Now today, this causes an error on the assignment to long.max, because obviously x is an int. But what if, instead, the compiler decides to backtrack and say "actually, if I make x a long, then it works!", and now, at the end, says "Oh, actually, you can't return a long as an int, what were you thinking?!"

This is the equivalent here, you declare something without scope, assign it to something that is not scope, and then because sometime later you assigned it to something that is scope, it goes back and rewrites the declaration as if you did make it scope, and then complains to you that the magic trick it tried is not valid.

This is going to be one of the most confusing features of DIP1000.

Plus that the error message just sounds like a compiler bug. It says that variable p is scope, but nowhere in the source does it say that. The error message should say that assignment p = &arg1; makes the variable scope.
(An alternative is to give a warning on p = &arg1;.)

-Johan

June 23, 2022

On Thursday, 23 June 2022 at 00:45:09 UTC, Steven Schveighoffer wrote:

>

I think this is the better option. Either that, or that when it returns p that trumps any possible scope inference.

Imagine you have a function like this:

int foo()
{
   int x = 0;
   x = long.max;
   x = 2;
   return x;
}

Now today, this causes an error on the assignment to long.max, because obviously x is an int. But what if, instead, the compiler decides to backtrack and say "actually, if I make x a long, then it works!", and now, at the end, says "Oh, actually, you can't return a long as an int, what were you thinking?!"

This is the equivalent here, you declare something without scope, assign it to something that is not scope, and then because sometime later you assigned it to something that is scope, it goes back and rewrites the declaration as if you did make it scope, and then complains to you that the magic trick it tried is not valid.

This is going to be one of the most confusing features of DIP1000.

It is confusing because it introduces flow typing without having flow typing. So this is messing up the user’s mental model of the type system, this is a basic usability flaw.

Track the object instead and don’t change the type of the pointer to scope.

If D wants to do flow typing, do it properly and make it clear to the user. It would be a good feature to have, but it would become D3.

June 23, 2022

On Thursday, 23 June 2022 at 06:36:23 UTC, Ola Fosheim Grøstad wrote:

>

Track the object instead and don’t change the type of the pointer to scope.
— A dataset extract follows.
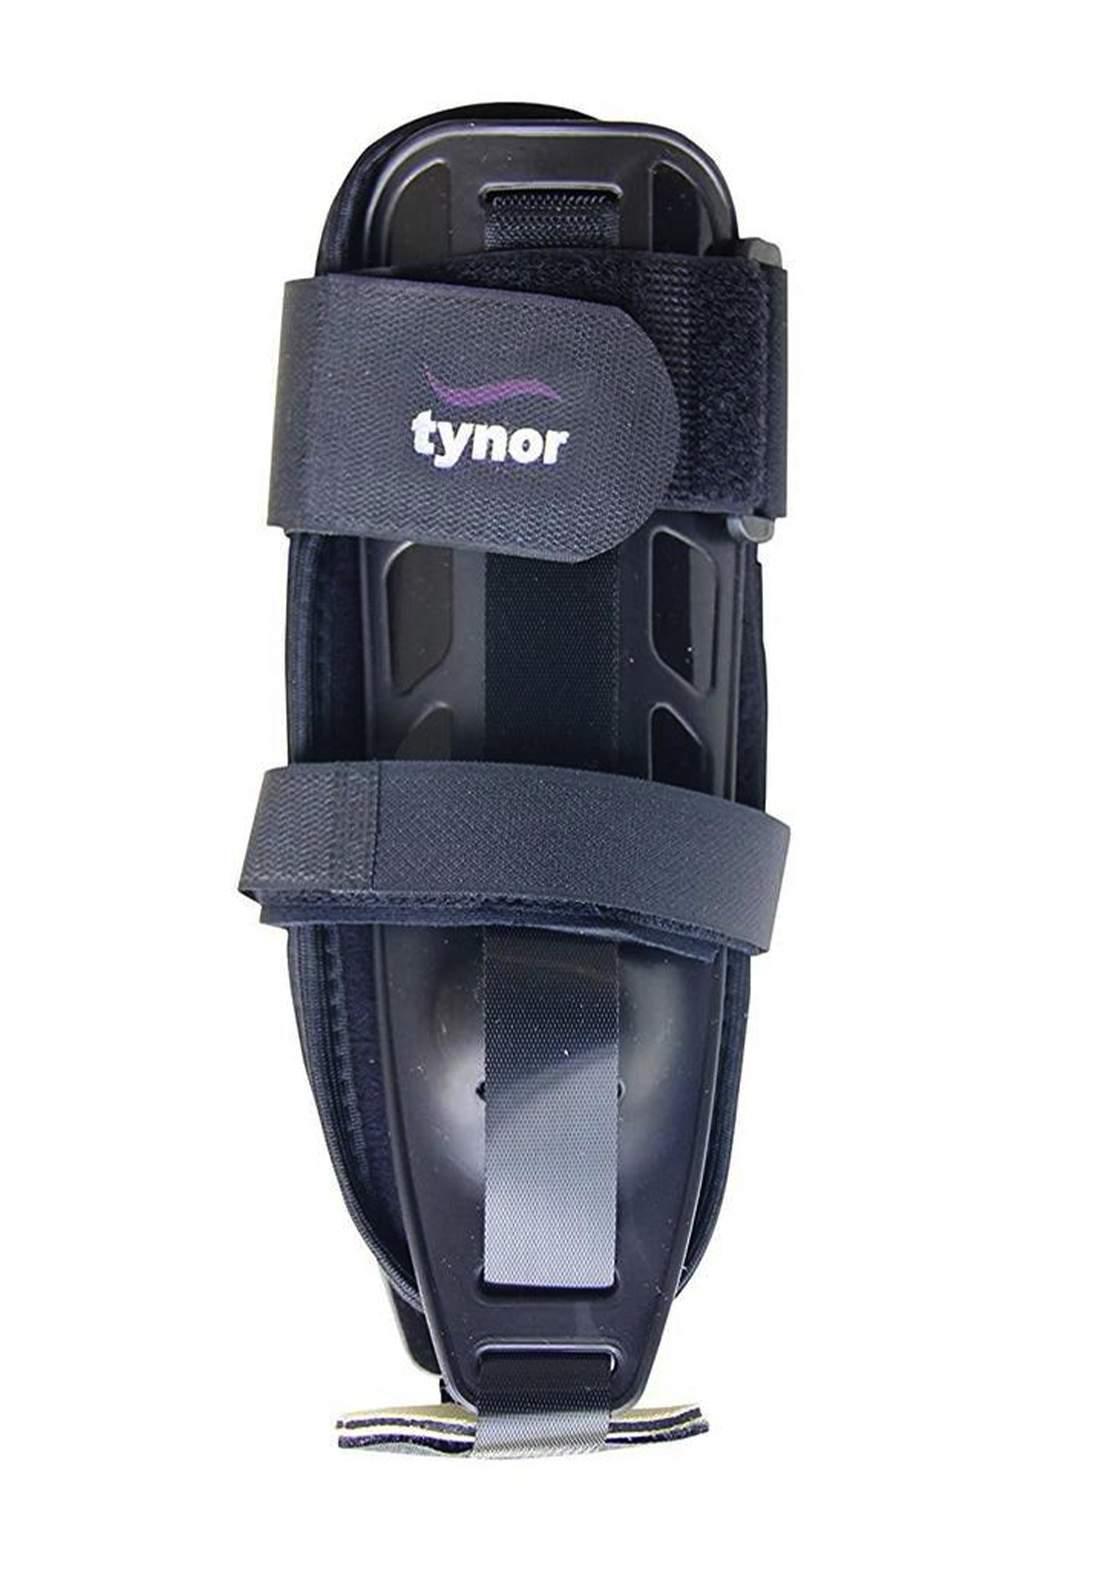 Tynor D-26 Ankle Splint جبيرة للكاحل

I guess this is flow typing too, but it is less intrusive to say that the object is either of type «scope» or type «heap» and that regular pointers can hold both than to change the concrete pointer type.

Specified concrete types should not change.

June 23, 2022

On Thursday, 23 June 2022 at 06:52:48 UTC, Ola Fosheim Grøstad wrote:

>

On Thursday, 23 June 2022 at 06:36:23 UTC, Ola Fosheim Grøstad wrote:

>

Track the object instead and don’t change the type of the pointer to scope.

I guess this is flow typing too, but it is less intrusive to say that the object is either of type «scope» or type «heap» and that regular pointers can hold both than to change the concrete pointer type.

Specified concrete types should not change.

For people interested in getting more intuition for flow typing:

https://www.typescriptlang.org/docs/handbook/2/narrowing.html

or chapter 3:

https://whiley.org/pdfs/GettingStartedWithWhiley.pdf

June 23, 2022

On Wednesday, 22 June 2022 at 21:58:07 UTC, Ola Fosheim Grøstad wrote:

>

Some C programmers reuse variables extensively, those programmers will be confused or annoyed.

And rightly so. Misra says since 30 years or longer: don't reuse variables if possible (and it should almost always be possible).
If there exists now another way to shoot in your foot with this bad habit, so what?